Transient triggers can also target an Astarte group instead of a single device. To install a group volatile trigger, pass the group_name key in the JSON payload instead of the device_id key.

For example, the trigger below is equivalent to the one in the previous section, but it targets all devices that are in the group mygroup.

{
    "name": "groupdevicetrigger",
    "group_name": "mygroup",
    "simple_trigger": {
        "type": "data_trigger",
        "on": "incoming_data",
        "interface_name": "org.astarte-platform.genericsensors.Values",
        "interface_major": 0,
        "match_path": "/streamTest/value",
        "value_match_operator": ">",
        "known_value": 0.6
    }
}

Note that the devices belonging to the group are evaluated when the trigger is installed, i.e. if a device is added to the group when the trigger is already installed, the trigger will not target the newly added device. The same goes for devices removed from the group, that will still be targeted by the trigger until it is removed.

Authorization

Just like any other Astarte component, Authorization is encapsulated in a token claim, in particular the a_ch claim. However, the mechanism is rather different compared to a REST API, and uses different verbs.

JOIN

The JOIN verb implies that a user can join a room. This only allows him to receive events and to interact in a read-only fashion with the room itself. There is no restriction to which events a user sees - if he is authorized to enter in a room, he will be capable of seeing all events flowing in. More granular permissions can be done simply by creating more rooms in which different triggers will be installed.

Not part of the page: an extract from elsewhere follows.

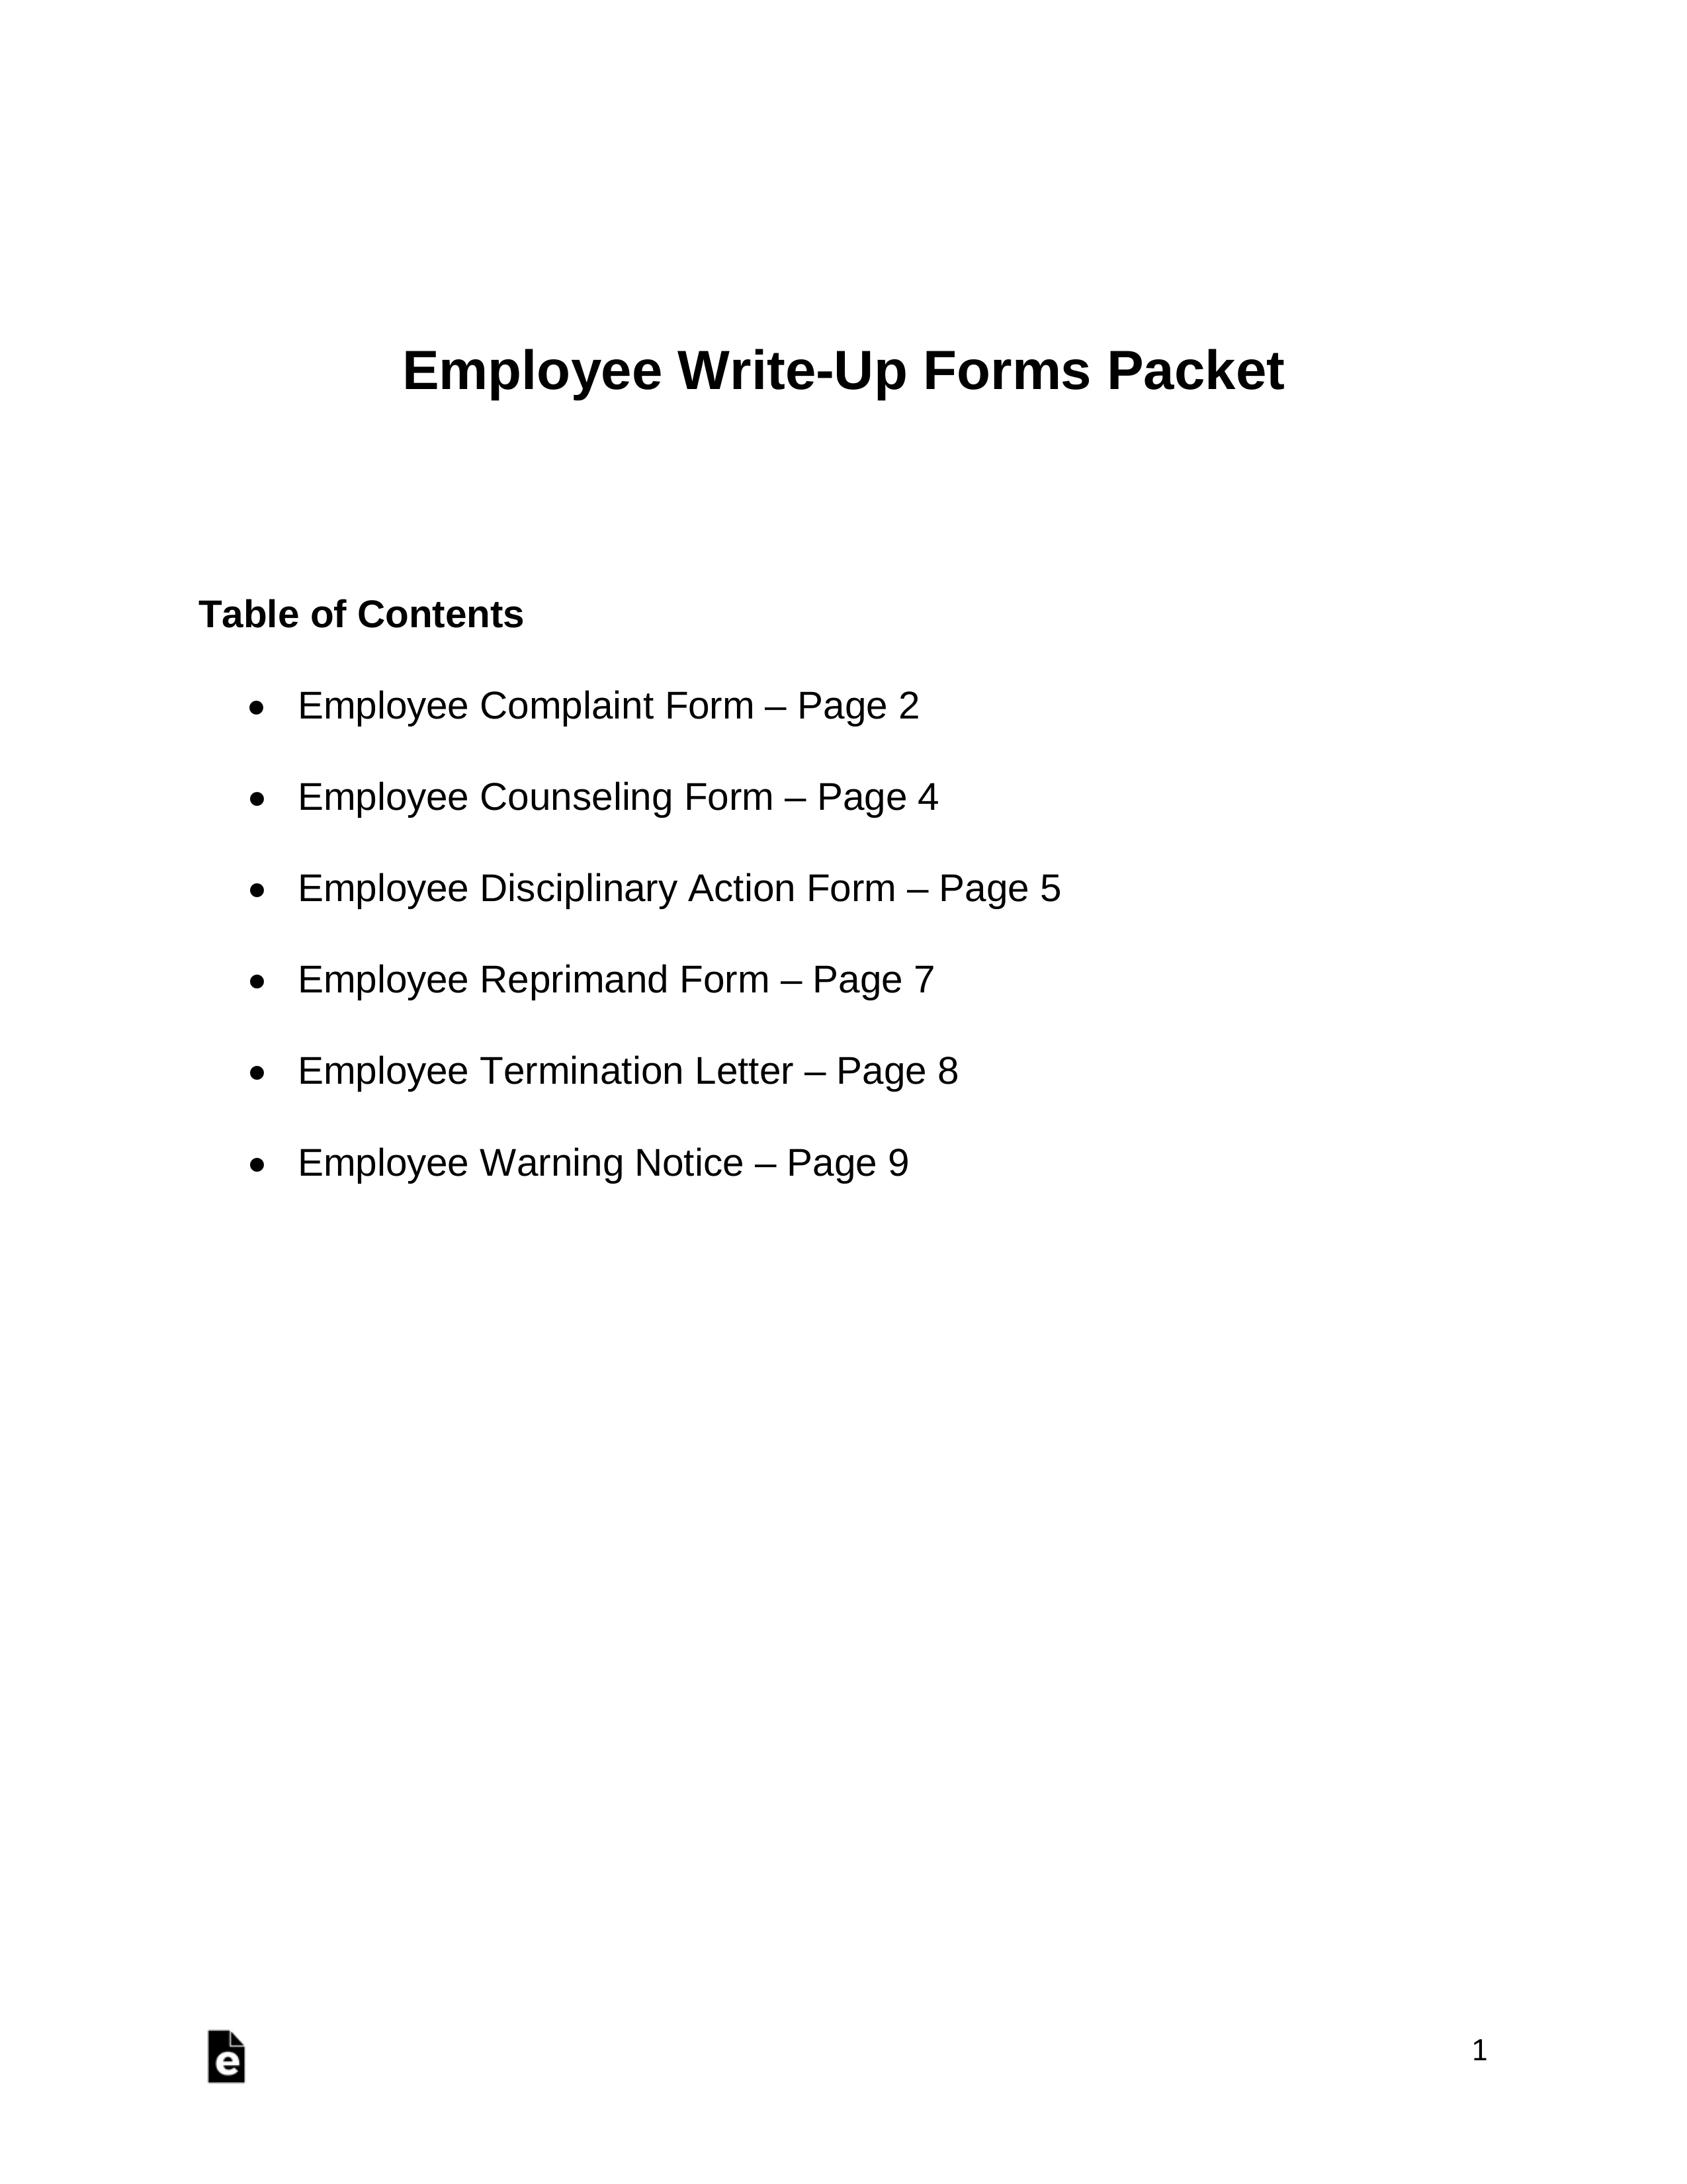 Employee Write-Up Forms

The JOIN verb has the following semantic: JOIN::<regex>, where regex matches a room name (the room name is what follows rooms:<realm>: - the realm is implicit in the context of the authorization token). For example, a user authorized with the JOIN::test.* claim in the test realm will be able to join, for example, rooms:test:testthis, rooms:test:testme, rooms:test:test. The realm is always implicit in the regex, as the token is authenticated in the context of a Realm.

WATCH

The WATCH verb allows a user to install a Trigger within a room. Its semantics define which kind of trigger, and upon which entities the user is allowed to act. Watch semantics are WATCH::<regex>, where regex is a regular expression which matches a device, path or interface (or a mixture of them) in almost very same fashion as the a_aea claim (which is used in AppEngine).

Given different kind of triggers impact different Astarte entities, the Authorization claim implicitly defines which kind of triggers a user will be able to install. For example, f0VMRgIBAQAAAAAAAAAAAA/org.astarte-platform.genericsensors.Values.* will allow installing data triggers such as the one shown in the previous example, but won't let the user install device-wide triggers (such as connect/disconnect events). A claim such as f0VMRgIBAQAAAAAAAAAAAA or f0VMRgIBAQAAAAAAAAAAAA.*, instead, will allow device-level triggers to be installed.